林知退迷迷糊糊被小孩子的吵闹声吵醒,他睁开眼睛,又闭上,缓了一会儿才稍微找回些意识,翻了个身揉眼睛。

    也不知是不是那朱砂的原因,昨晚他确实睡得很好,一夜无梦,连程见初什么时候回去的都不知道。门派里的小孩子们很早就起来练功,在外面吧嗒吧嗒来回跑,林知退听见他们很兴奋地说:“少主和少主夫人打起来啦!”

    林知退挠挠肚子,慢吞吞地想,谁跟谁打起来了——?

    他猛地睁开眼睛,披散着头发爬起来。少主夫人?啊,那不就是徐瑾之吗,他俩怎么能打起来?

    林知退起身跑去院子里,打了水洗脸,然后又跑回屋中,费劲巴拉地把头发束起来。他听见小孩子们都跑远了,心里也急起来,快些收拾好,就也分着跑了出去。

    还没到前院,他就隐约听见了打斗声。林知退加快了脚步,紧接着一转角,他就看见段行正慢吞吞地往南边走。

    “段,段大哥!”林知退马上喊他,快步追上去,“——段大哥!”

    段行停下了脚步,回身看他,面上浮起了浅浅的笑,“啊,林少爷。”

    林知退脸红红的,也顾不得礼数,急急忙忙地说:“段大哥,我听他们在喊,初一和徐少爷打起来了。”

    “嗯,我们瞧瞧去。”段行欠了欠身,要林知退走到自己身边来,“早上两个人说是一起去送朋友了,怎么这还没一会儿,就打起来了?”

    林知退快步跟上他,“对啊,他们俩就不能单独呆着……”

    不知为什么,原本林知退有些担心那两个人受伤的,但见段行这样从容安缓,他胸中的躁动也顿时平息了大半。可能对习武之人来说,互相切磋也都是常事了吧?只要不伤及性命,就算是身上添几道伤,也全然不放在心上。

    想到这里,林知退就也跟着放缓脚步,不然显得自己太着急了。他走在段行身边,只觉这人周身沉静内敛,自己的心也渐渐被安抚下来,不像方才那样惴惴了。

    他们又向前走了一段,那边的打斗声大了些。徐瑾之的声音紧接着传来:“程少主,你这样收着打是什么意思?花拳绣腿,看了让人笑话。
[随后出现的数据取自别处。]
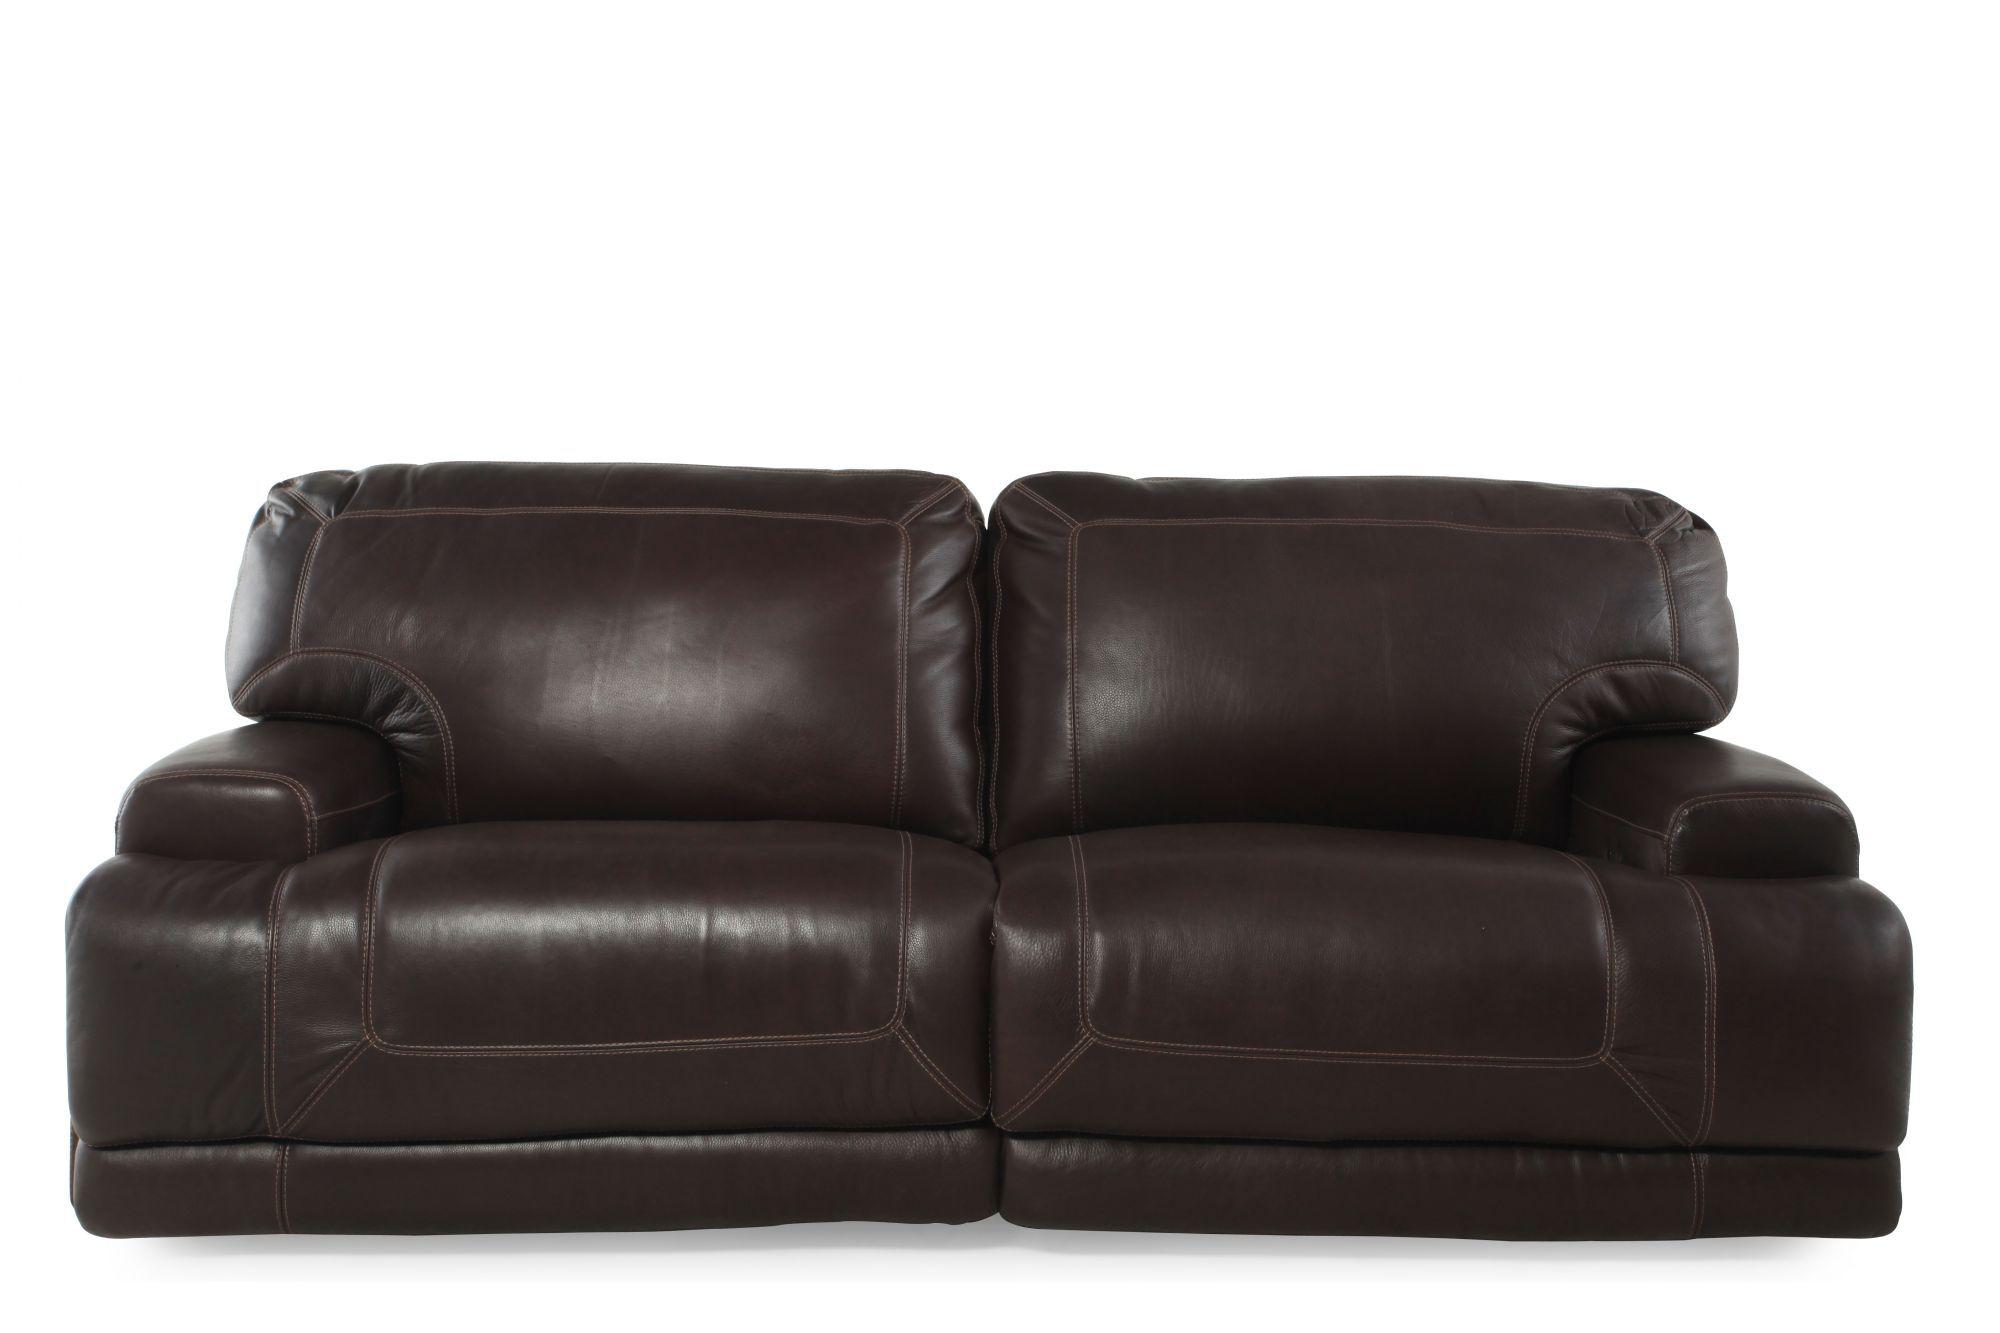 Simon Li Crown Light Walnut Power Reclining Sofa ...  sc 1 st  Mathis Brothers & Simon Li Furniture | Mathis Brothers Furniture islam-shia.org
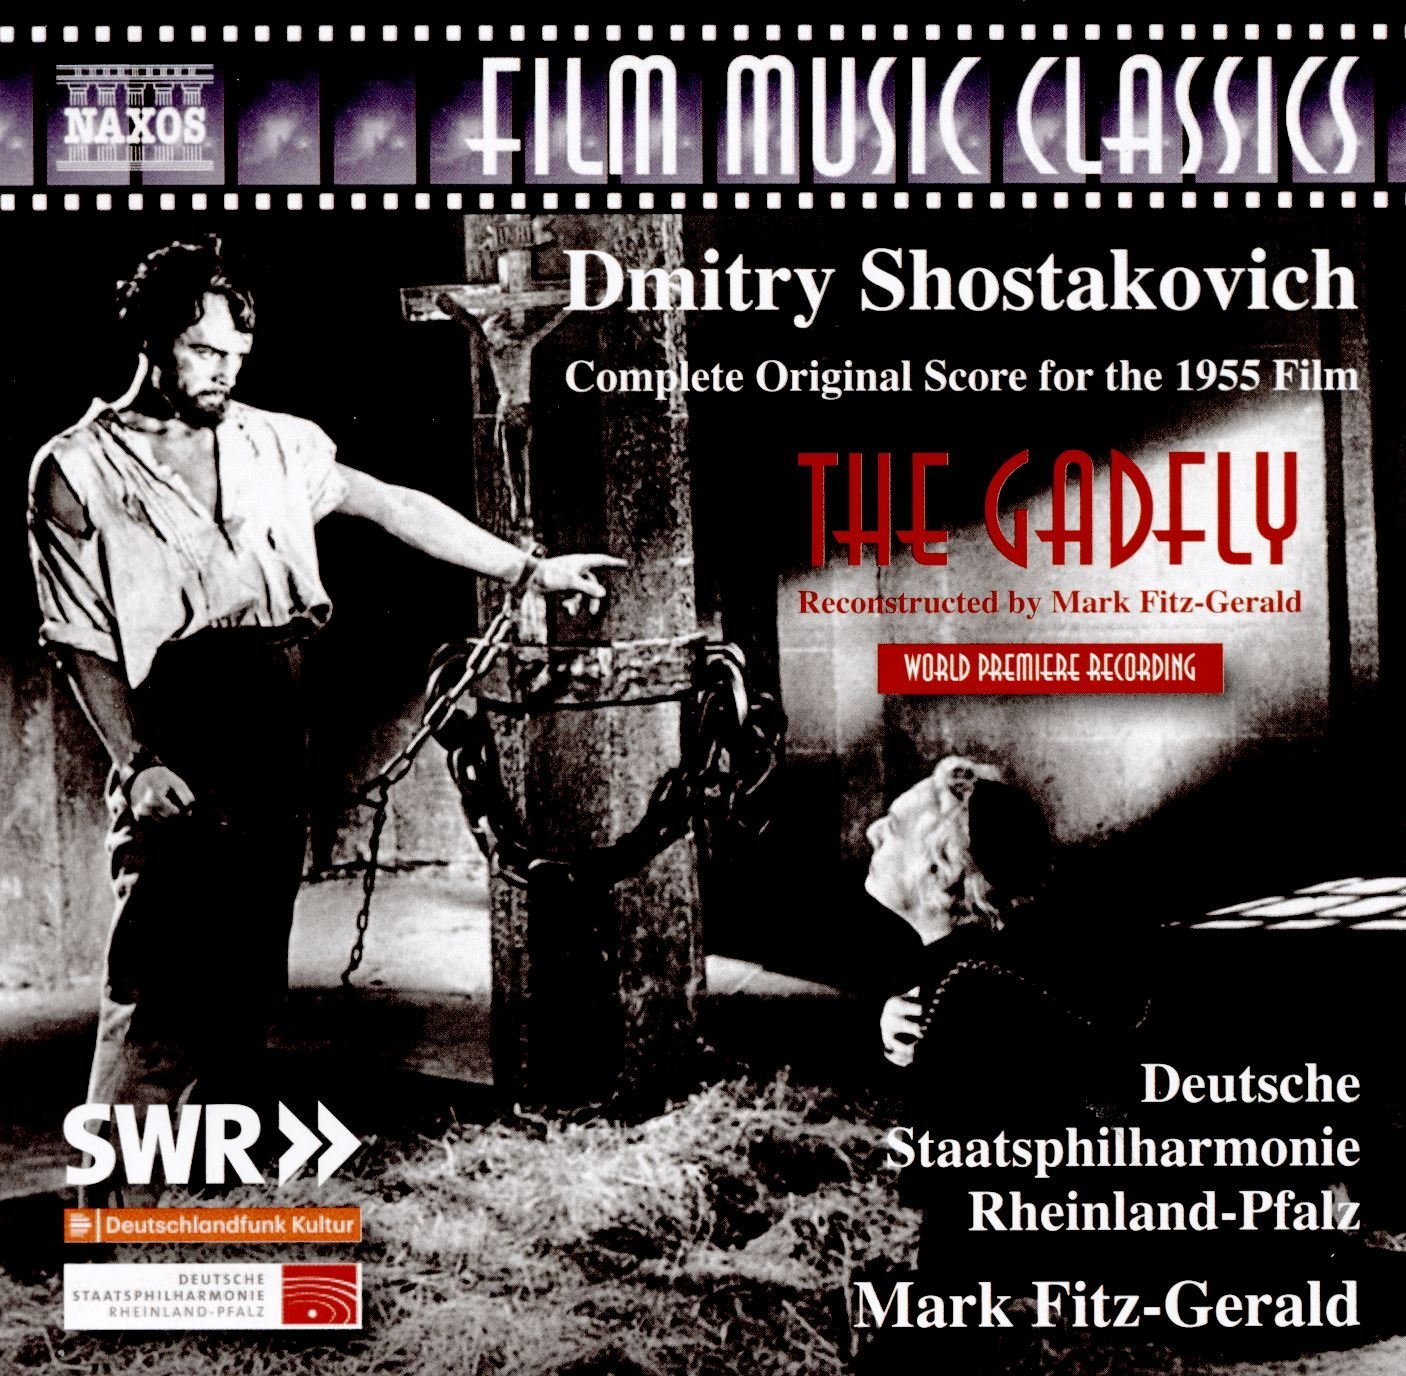 Shostakovich: The Gadfly (Complete original score

”

    程见初没说话,只一抬手,隔开刺来的剑刃,腕间猛地一转,直接将长剑斜刺出去。随即他出掌拍向徐瑾之肩头,却不想那人足尖轻点,顺着掌力非常轻巧地偏开了身子。程见初这一掌落了空,浑身劲力陡然一泄,险些栽倒,只好把剑重重往地上一撑,稳住身形。

    林知退和段行一到前厅,就见到了这样的景象。程见初余光瞥见林知退跑了过来,心中顿时一急,只觉得失了面子。他原本没太认真和徐瑾之比划,可这狼狈的样子被林知退看了个正着,属实心中难平,当即抬剑一个侧劈——他连起势都没有,提剑便势猛力沉,功底确确实实扎实深厚。这一剑完全是用了十成十的力气,直冲徐瑾之的腰间而去。

    那人刚才闪身躲过程见初的一掌,还未稳住身形,却不想对面连一丝停顿都没有,拔剑便刺。他躲闪不急,而林知退身边的段行猛地朝徐瑾之冲去,旁边看热闹的师兄妹们也都发出一声惊呼——

    林知退不敢看了,下意识地闭上了眼睛。但是没有呼痛声,前厅安静得只剩风吹。他紧张得心怦怦跳,慢慢睁开眼睛,看见陆相旬挡在了两人之间,他手中的扇子全开,死死压在程见初的手腕上。

    事发突然,段行脚下刚动,根本来不及抢上前隔开二人。这人刚才的从容都不见了,林知退从他的背影都能看出心有余悸,还有微微握紧又松开的手。

    陆相旬一来,其他师兄妹都立刻假装很忙,低头散开了。程见初的眼睛也瞬间清明了起来,有些怯怯地看着陆相旬,“师,师兄……”

    陆相旬一时没说话,似乎是在压着怒意。片刻之后,他说:“马上就要开山门迎流水席客,你们俩在做什么?”

    他从未用过这样的语气说话,至少林知退没见过。徐瑾之也被这样的气势压了下去,没有了大少爷桀骜睥睨的样子,声音也小了一些,“……切磋。”

    陆相旬左右扫过二人,过了许久,才啪地一声拢合折扇,面色冷峻。

    “你们俩,去敛心居等我。”

    程见初飞快地瞥了眼林知退,还想挣扎一下:“可是师兄,我还没吃早饭——”

    陆相旬默默地看了他一眼,程见初安静了。

    “现在就去。”他说。

    徐瑾之低下头,噘着嘴看了眼段行,跟着程见初走了。陆相旬转向一旁,和身边的鹤礼低声说了些什么,那人点点头,离开了。

    林知退和段行站在原地,一时不知道该怎么应付。还好段行见识这种事更多一些,随即往前走了几步,同时抬手抱拳:“陆师兄——”

    陆相旬浅浅抿了下嘴,脸色不像方才那样难看了。他迎过来,很温柔地说:“段师弟,阿知。”

    林知退瞥了眼程见初和徐瑾之,两个人都很不服气的样子,走得气势汹汹。他回过头,跟在段行身后,拱手躬身,轻声唤道:“大师兄。”

    陆相旬很和气地笑了,“今早他们俩胡闹,是不是把你吵到了?”

    林知退赶紧摇摇头。

    他想问问那两个人会被罚吗?但是又觉得好像有些逾矩。之前程见初提起陆相旬,都像说自己亲哥哥一样,带着些骄傲和放肆。今天林知退知道了,那人对陆相旬是又敬又怕,对方一言一语,他立马老老实实遵从,一点也不像往日那样顽劣。

    段行在一旁也想问,两个人吭哧了半天,陆相旬看出他们的心思,可偏生故意不说,只拉过两个人,要他们俩跟自己走。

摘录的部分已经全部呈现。